Exercise 30. [22] Design an algorithm that threads an unthreaded tree; for example, it should transform (2) into (10). Note: Always use notations like P* and P$ when possible, instead of repeating the steps for traversal algorithms like Algorithm T.

Verified: yes
Solve time: 1m13s

Solution

Let T be an unthreaded binary tree, represented in the standard form of (2), and let P be a pointer to a node of T. The goal is to construct a procedure that converts T into a threaded binary tree, that is, to assign LLINK(P) and RLINK(P) according to the rules

$$ \text{If } LLINK(P) = \Lambda \text{ then } LTAG(P) = 1 \text{ and } LLINK(P) \leftarrow $P, \quad \text{If } RLINK(P) = \Lambda \text{ then } RTAG(P) = 1 \text{ and } RLINK(P) \leftarrow P$, $$

and to set LTAG(P) = 0 or RTAG(P) = 0 when the corresponding link is nonempty. The procedure should avoid recomputation of inorder traversal steps by making use of the notation P$, which gives the inorder successor of NODE(P), and $P, which gives the inorder predecessor.

The algorithm proceeds in two conceptual stages: first, the inorder traversal of T using Algorithm T to generate a sequence of nodes; second, the assignment of thread pointers based on the predecessor-successor relations in that sequence.

Let prev be a variable storing the previously visited node in inorder. Initialize prev <- LOC(T) to denote the external pointer to the tree. Then traverse T in inorder according to Algorithm T. At each visit of a node P, execute the following operations:

  1. Left thread assignment. If LLINK(P) = \Lambda, set LTAG(P) <- 1 and LLINK(P) <- prev. Otherwise set LTAG(P) <- 0.
  2. Right thread assignment for previous node. If prev \ne LOC(T) and RLINK(prev) = \Lambda, set RTAG(prev) <- 1 and RLINK(prev) <- P. Otherwise set RTAG(prev) <- 0.
  3. Update prev. Set prev <- P.

Upon completion of the traversal, RLINK(prev) may be null; in that case set RTAG(prev) <- 1 and RLINK(prev) <- LOC(T) to terminate the sequence of threads. All other links already point to existing subtrees and have LTAG or RTAG set to 0.

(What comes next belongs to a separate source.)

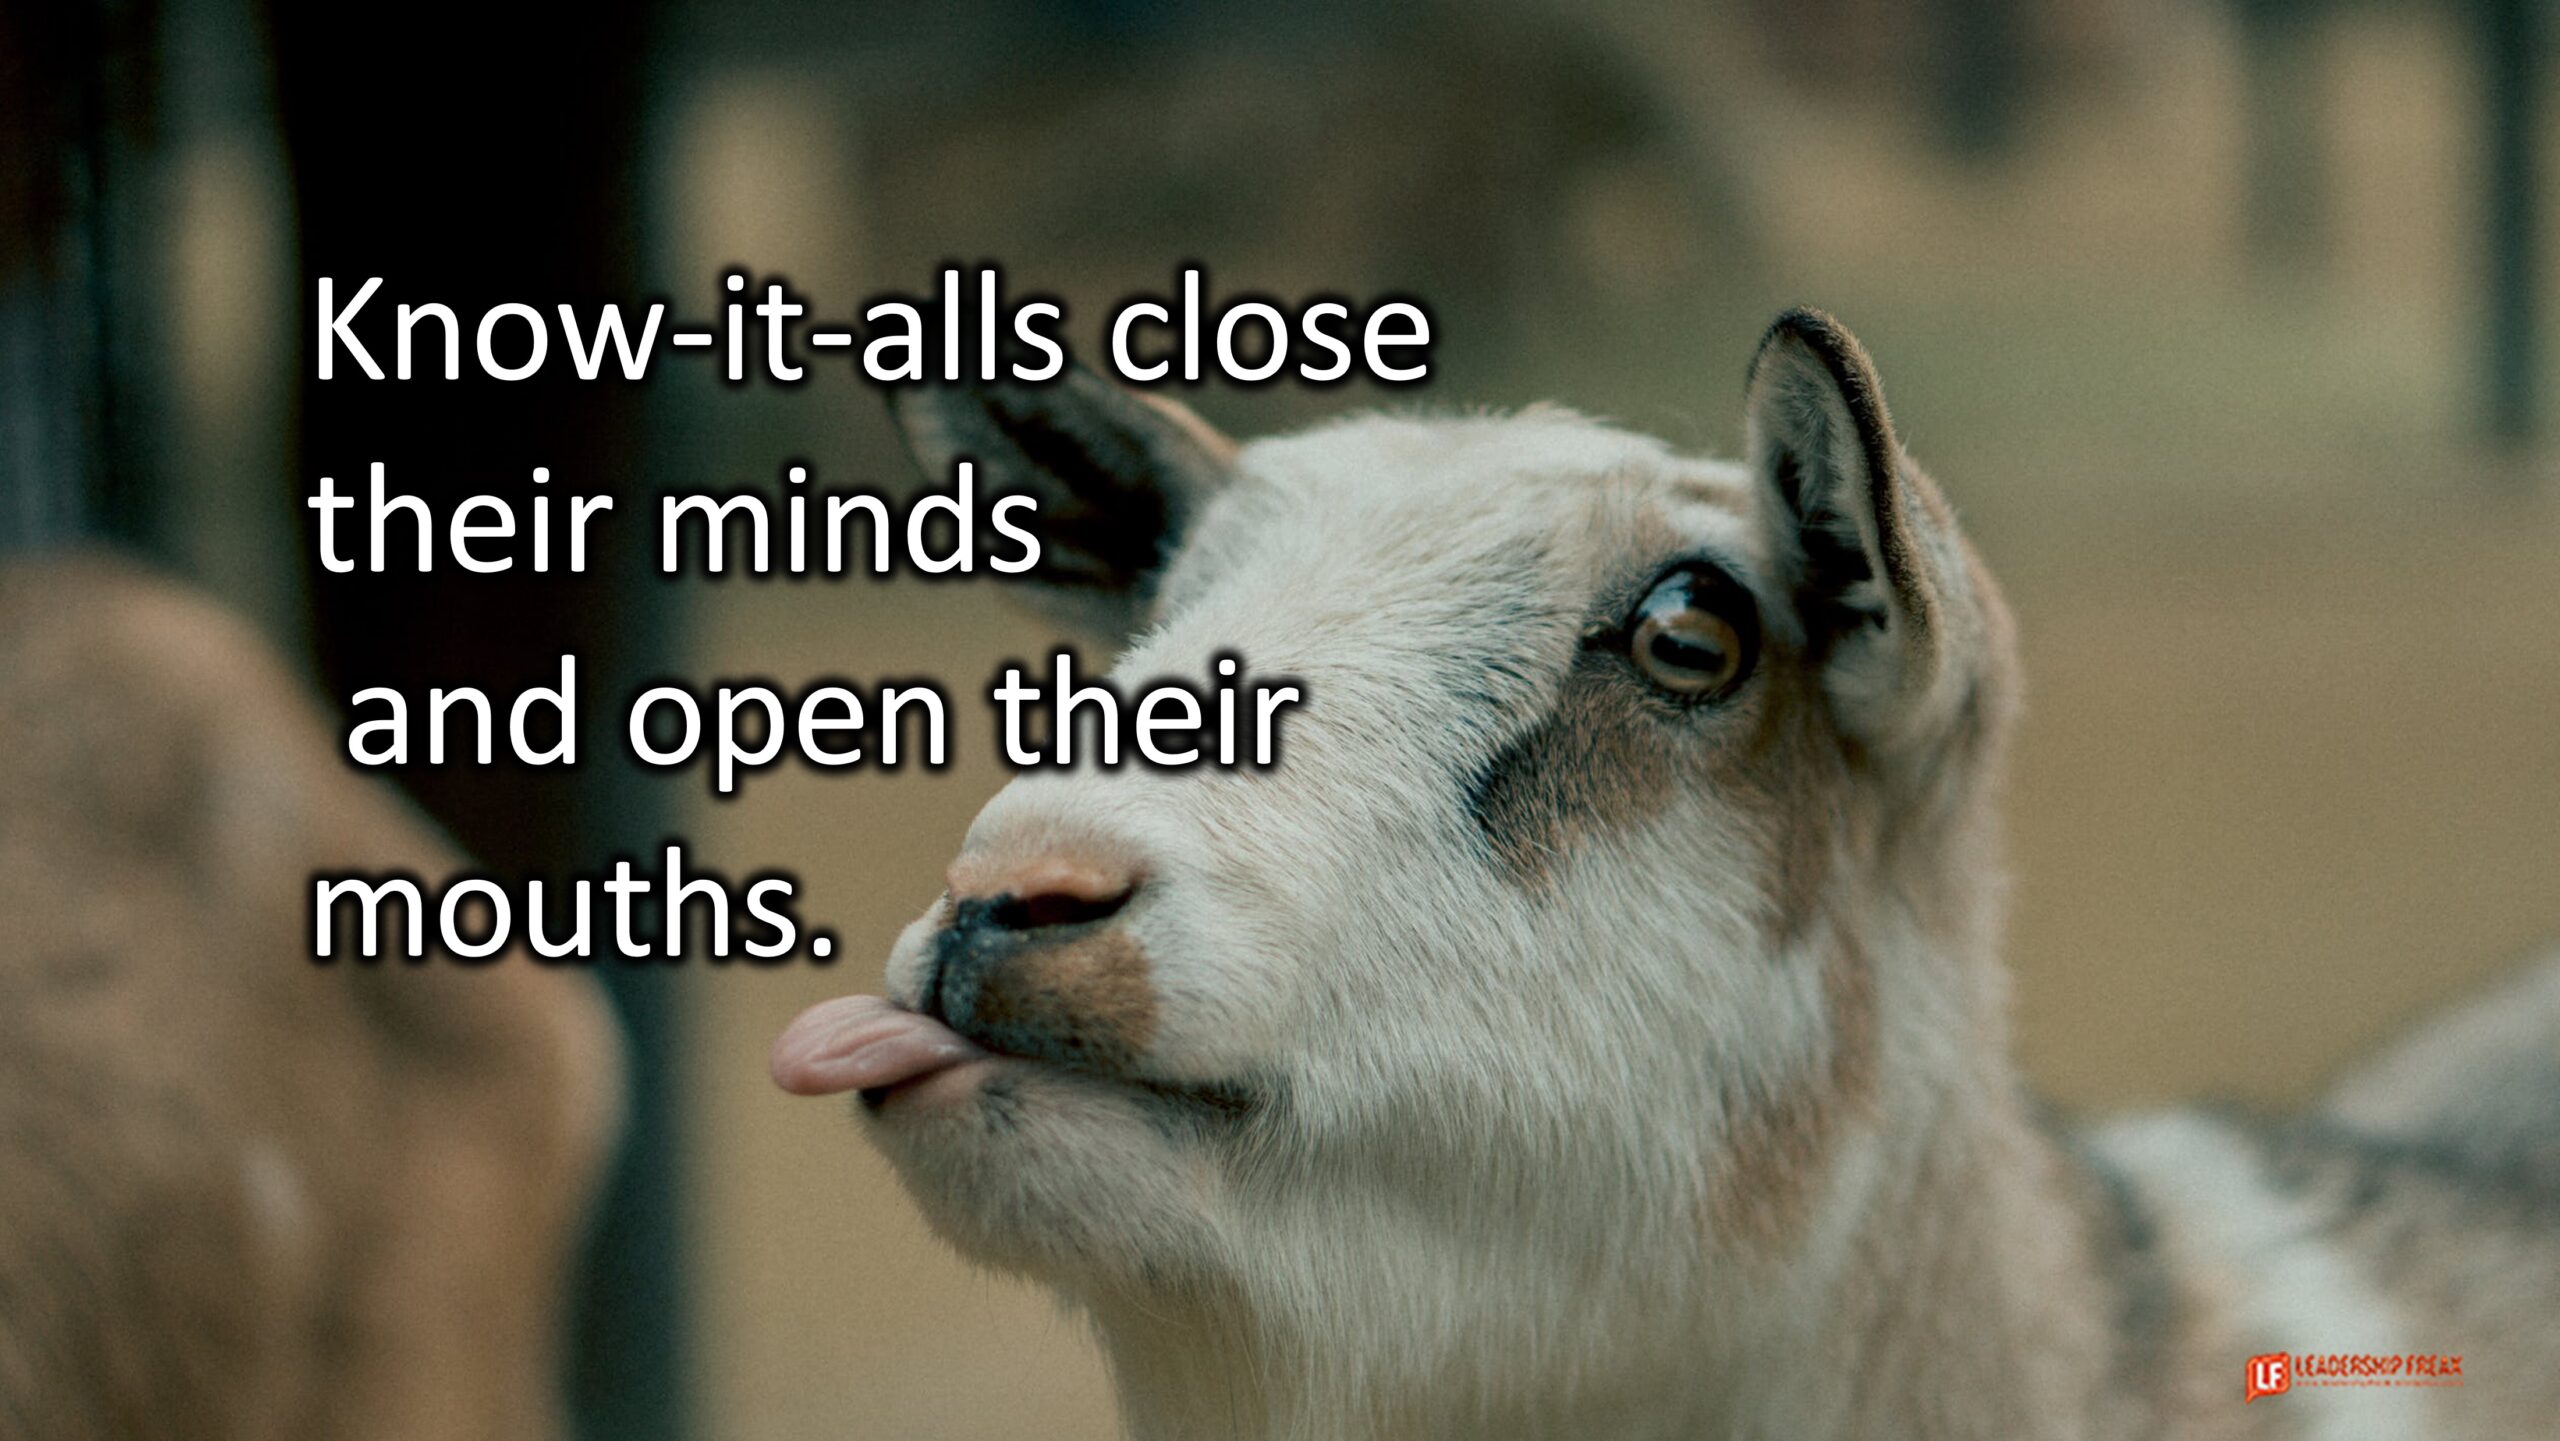 Know-it-alls close their minds and open their mouths

Formally, the threaded tree algorithm may be stated as follows:

Algorithm TT (Thread an unthreaded binary tree). Input: pointer T to an unthreaded binary tree. Output: threaded binary tree with LTAG, RTAG fields.

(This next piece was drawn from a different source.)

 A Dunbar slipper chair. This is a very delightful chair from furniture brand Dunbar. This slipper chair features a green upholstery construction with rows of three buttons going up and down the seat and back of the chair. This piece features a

TT1. [Initialize.] Set prev <- LOC(T). Initialize stack A <- empty. Set P <- T.

TT2. [Traverse left.] If P \ne \Lambda, push P onto A and set P <- LLINK(P). Repeat TT2. Otherwise proceed to TT3.

TT3. [Visit node.] If A is empty, go to TT6. Otherwise pop P from A.

Set

$$ \text{if } LLINK(P) = \Lambda \text{ then } LTAG(P) <- 1, LLINK(P) <- prev \text{ else } LTAG(P) <- 0. $$

If prev \ne LOC(T) and RLINK(prev) = \Lambda, set RTAG(prev) <- 1, RLINK(prev) <- P; otherwise set RTAG(prev) <- 0.

Set prev <- P.

TT4. [Traverse right.] Set P <- RLINK(P) and return to TT2.

TT5. [Termination.] After all nodes have been visited, if RLINK(prev) = \Lambda, set RTAG(prev) <- 1, RLINK(prev) <- LOC(T).

TT6. [End.] The tree T is now threaded in symmetric (inorder) order. ∎

Correctness argument. The sequence of nodes visited by steps TT2-TT4 is exactly the inorder sequence of T by the argument in Section 2.3.1 and by Algorithm T. At the moment P is visited, prev points to the inorder predecessor of NODE(P) (or LOC(T) if none exists). Assigning LLINK(P) <- prev for null left links ensures that every left thread points to the predecessor. Similarly, updating RLINK(prev) <- P for null right links guarantees that every right thread points to the successor. The stack preserves the traversal history and ensures that each subtree is fully traversed before visiting the root, preserving the inorder property. Upon termination, RLINK(prev) is assigned to LOC(T) to signal the end of the threaded sequence. Each node with a non-null left or right link has LTAG or RTAG set to 0, preserving standard subtree connections.

This algorithm executes exactly one assignment to LLINK(P) and LTAG(P) per node when the left link is null, and exactly one assignment to RLINK(prev) and RTAG(prev) per node when the right link is null. Since the inorder traversal touches each node exactly once, all nodes are correctly threaded. The algorithm uses a single stack of maximum depth equal to the height of the tree, which is consistent with the resource requirements of Algorithm T.

This completes the solution. ∎